O Reino Unido e a Holanda, entre os mercados desenvolvidos, foram classificados como líderes de baixo custo, onde é recomendável fazer negócios, de acordo com levantamento da PMG International. A mais recente pesquisa Competitive Alternatives (Alternativas Competitivas) testemunhou o movimento que alçou o Reino Unido do quarto lugar entre os países desenvolvidos em 2010 para a primeira posição do ranking neste ano, auxiliado por uma combinação de menores custos com mão de obra no período pós-recessão, instalações industriais e serviços públicos e por cortes de impostos para pessoas jurídicas e um menor valor cambial da libra esterlina devido à crise da dívida europeia.
Apesar de um aumento significativo no interesse de muitas empresas em atender o grande e crescente mercado doméstico brasileiro, os custos no Brasil são maiores que os observados em todos os outros quatro países de alto crescimento pesquisados, e se aproximam dos níveis de custos de alguns dos países desenvolvidos, de acordo com o estudo. Por exemplo, a vantagem competitiva dos custos no Brasil chega a apenas 7% em relação à economia norte-americana, percentual muito próximo ao do Reino Unido (5,5%). A China, que lidera a lista, tem custos 25,8% menores que os dos americanos, seguida pela Índia (-25,3%), México (-21%) e Rússia (-19,7%). “Os níveis salariais brasileiros, incluindo o salário mínimo, estão significativamente acima daqueles dos outros países de alto crescimento estudados, e a alta carga tributária também impacta o desempenho total de custos do Brasil”, afirma Roberto Haddad, sócio da área de Tributos Internacionais da KPMG no Brasil.
A pesquisa Competitive Alternatives estuda 26 elementos relevantes de custos empresariais, incluindo mão-de-obra, impostos, imóveis, e serviços públicos em mais 110 cidades de 14 países ao redor do mundo. Além disso, o levantamento apura dados não relacionados a custos que influenciam a capacidade competitiva dos países pesquisas, tais como questões demográficas, educação, condições de trabalho, aplicação de inovação e infraestrutura.
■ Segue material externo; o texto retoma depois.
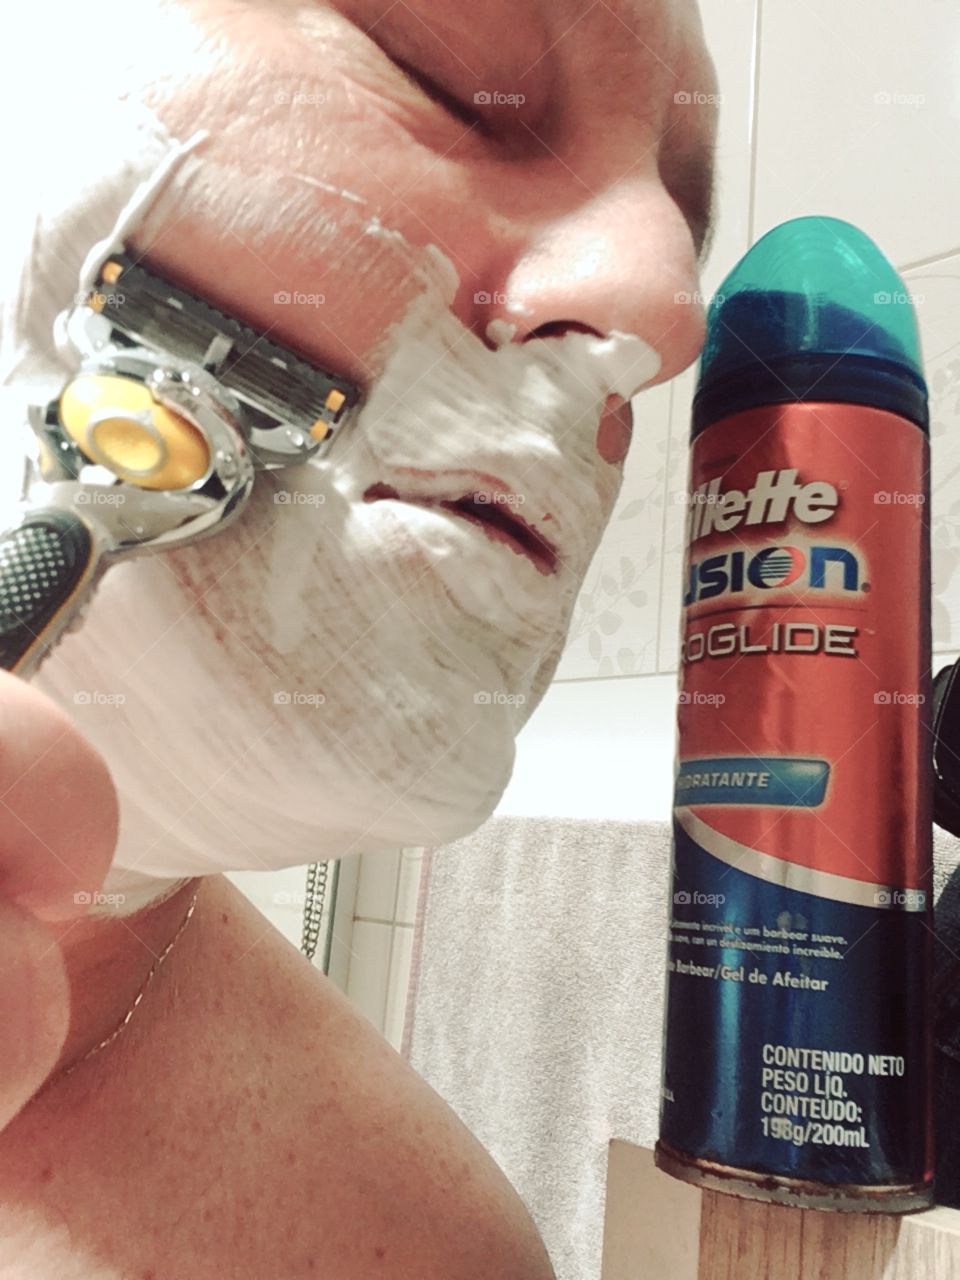 Hora de fazer a barba! Hora de caprichar, e para isso eu uso Gillette. This is my ritual!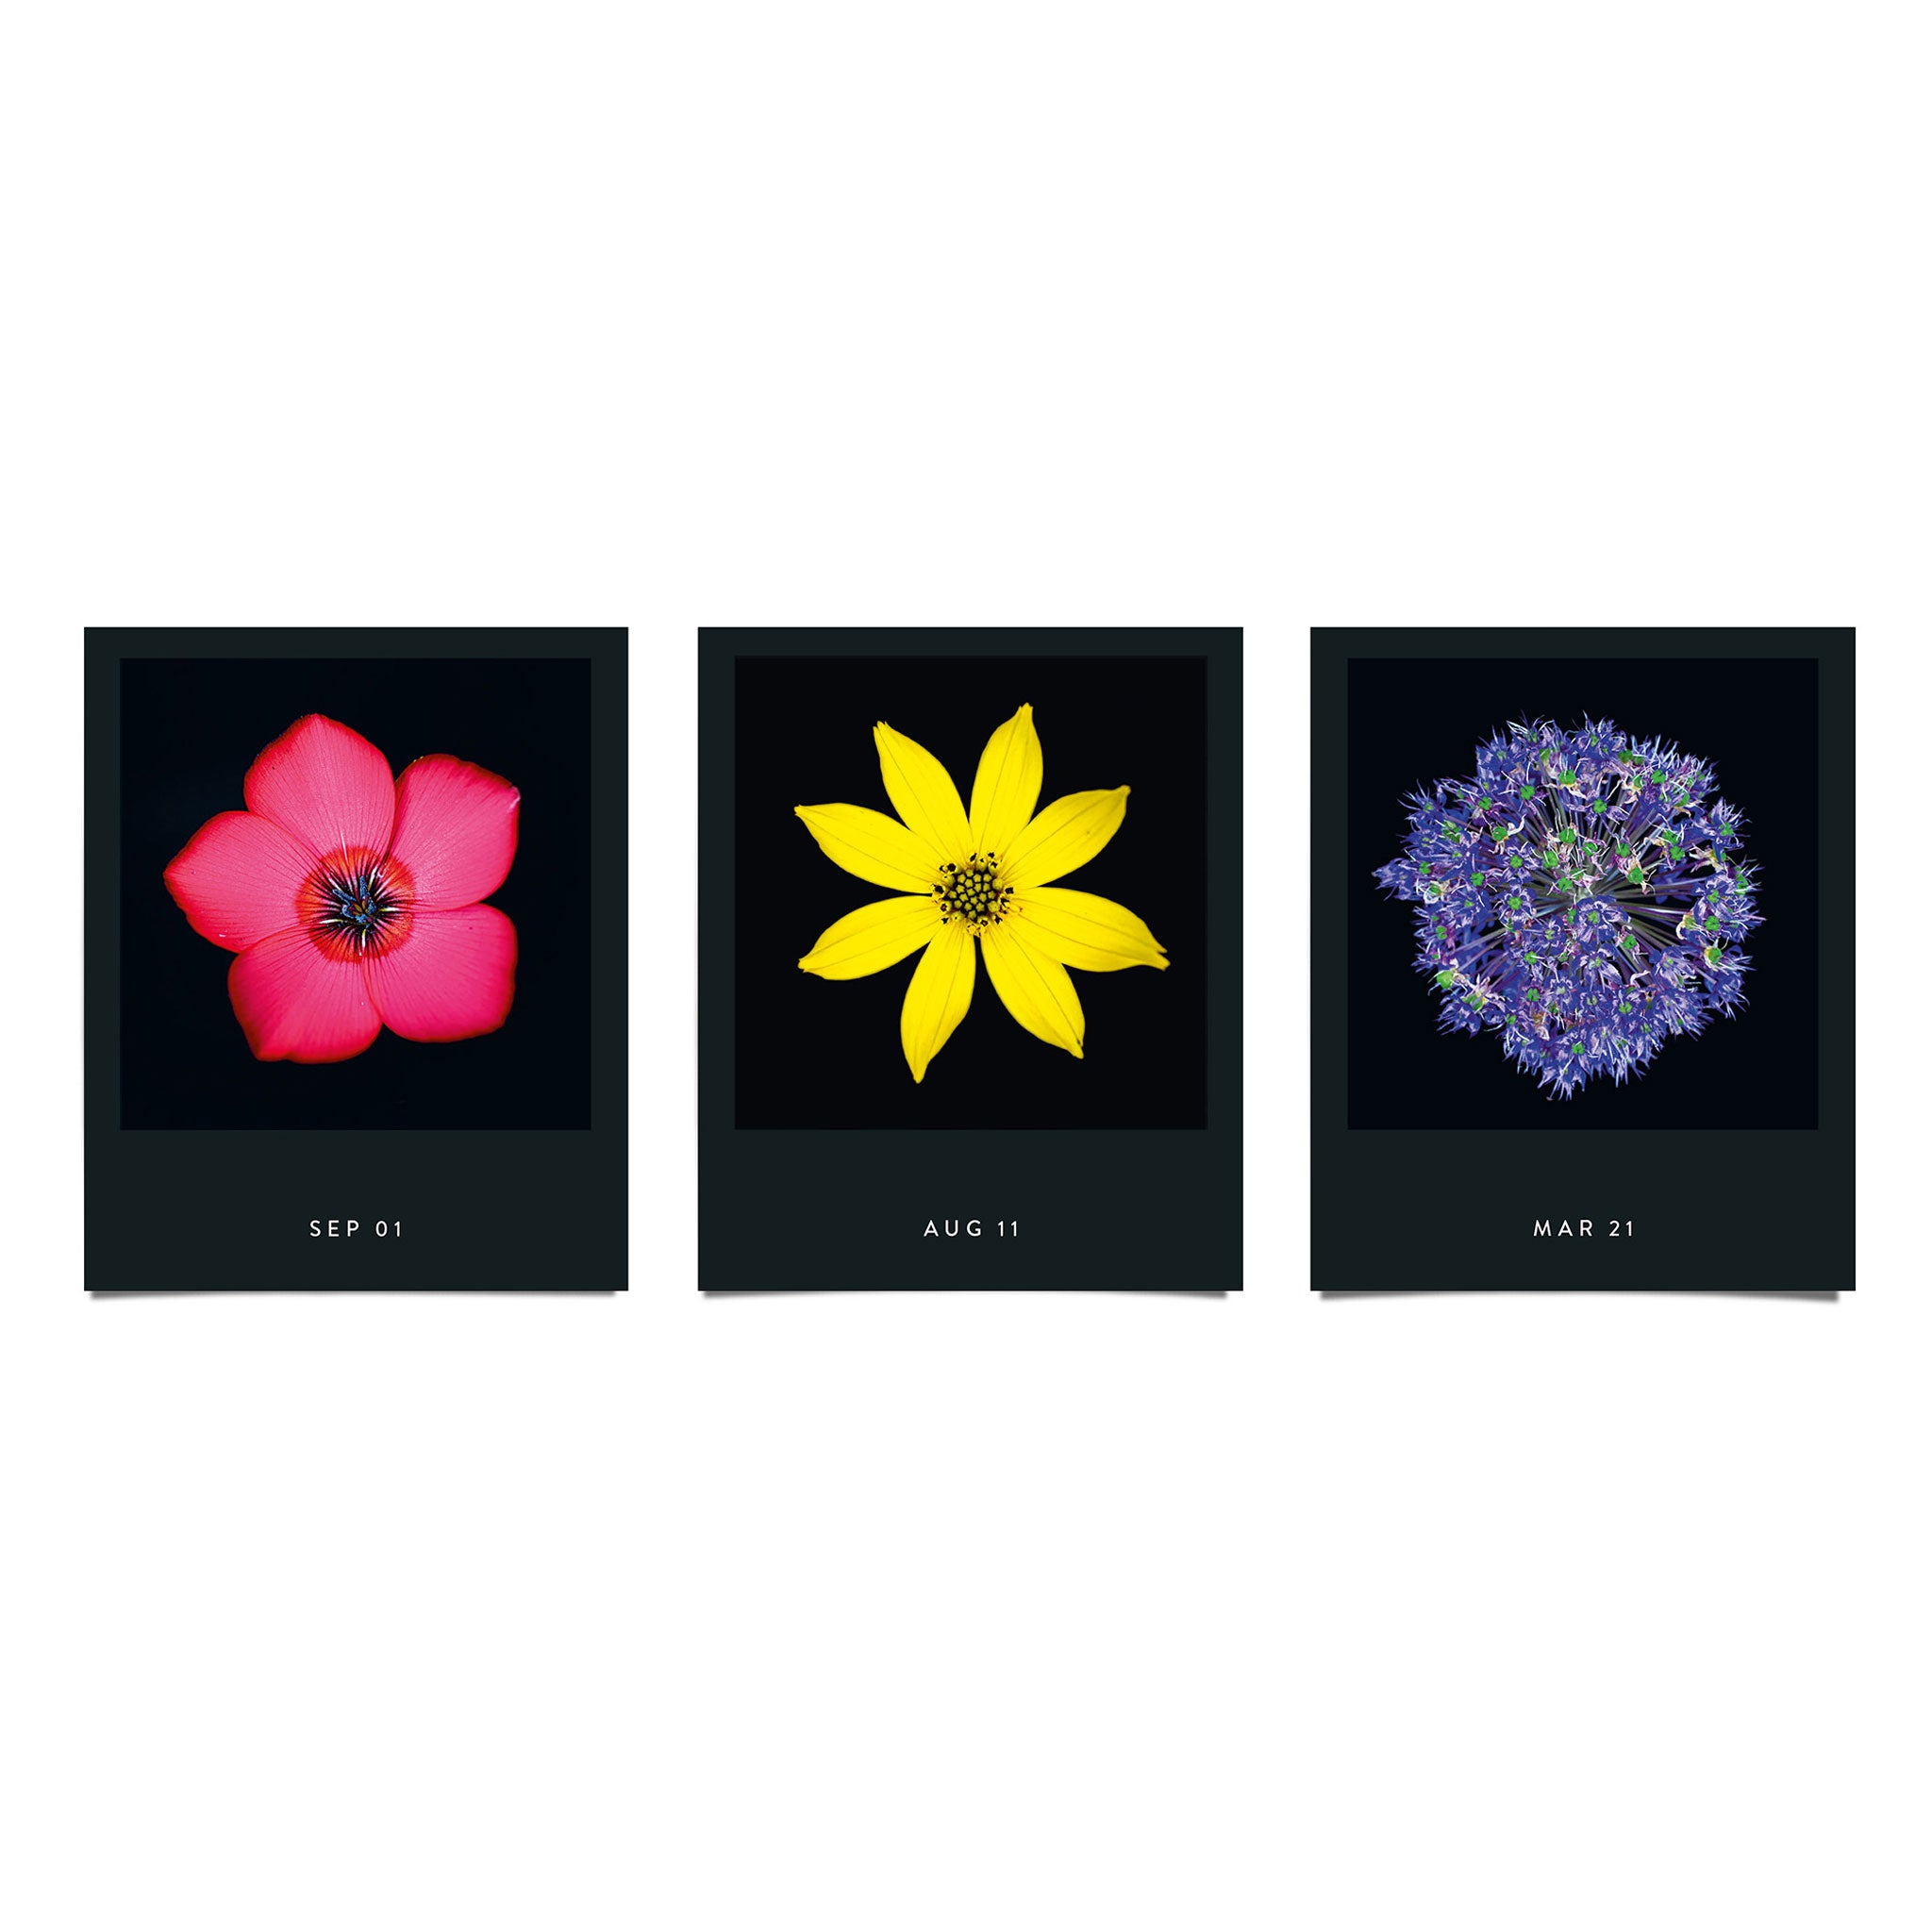 FLAMBOYANT FLOWERS | A flower a day | Blumen KALENDER | Nicolas Mériel | seltmann+söhne

No Brasil, foram apuradas informações nas cidades de São Paulo e Belo Horizonte.
A edição de 2012 é a primeira do estudo Competitive Alternatives da KPMG a examinar países de alto crescimento e a comparar a competitividade de custo no Brasil, Rússia, Índia, China e México. Com esse objetivo, o estudo constatou, portanto, que a China e a Índia são os líderes entre todos os países estudados, com custos empresariais gerais, respectivamente, 25,8% e 25,3% abaixo da base de referência americana, como já citado. Os baixos custos de mão de obra alicerçam a vantagem competitiva para China e Índia, com a primeira oferecendo os menores custos no setor de manufatura e, a segunda, nos segmentos de serviços.
Enquanto os custos com mão de obra variam muito entre os em desenvolvimento e os desenvolvidos, muitos outros custos empresariais nos países de alto crescimento são semelhantes aos dos países desenvolvidos, ou maiores que estes, em alguns casos. Por exemplo: o Canadá e os Estados Unidos oferecem custos de arrendamento de instalações industriais menores que aqueles oferecidos na China, México, Rússia, ou Brasil, enquanto que a Índia, Holanda, México e Alemanha são os países com os menores custos para arrendamento de escritórios. A alta carga tributária, especialmente em relação a impostos indiretos, também anula a economia obtida com baixo custo de mão de obra em alguns dos países de alto crescimento.
O estudo Competitive Alternatives 2012 da KPMG fornece uma comparação independente dos locais internacionais de negócios em mais de 110 cidades em 14 países ao redor do mundo. O levantamento faz uma reflexão sobre uma ampla gama de questões no momento da avaliação da competitividade para os negócios, com um foco principal sobre os custos empresariais, mas também sobre a população e dados demográficos, educação e mão-de-obra qualificada, inovação, infraestrutura, condições econômicas.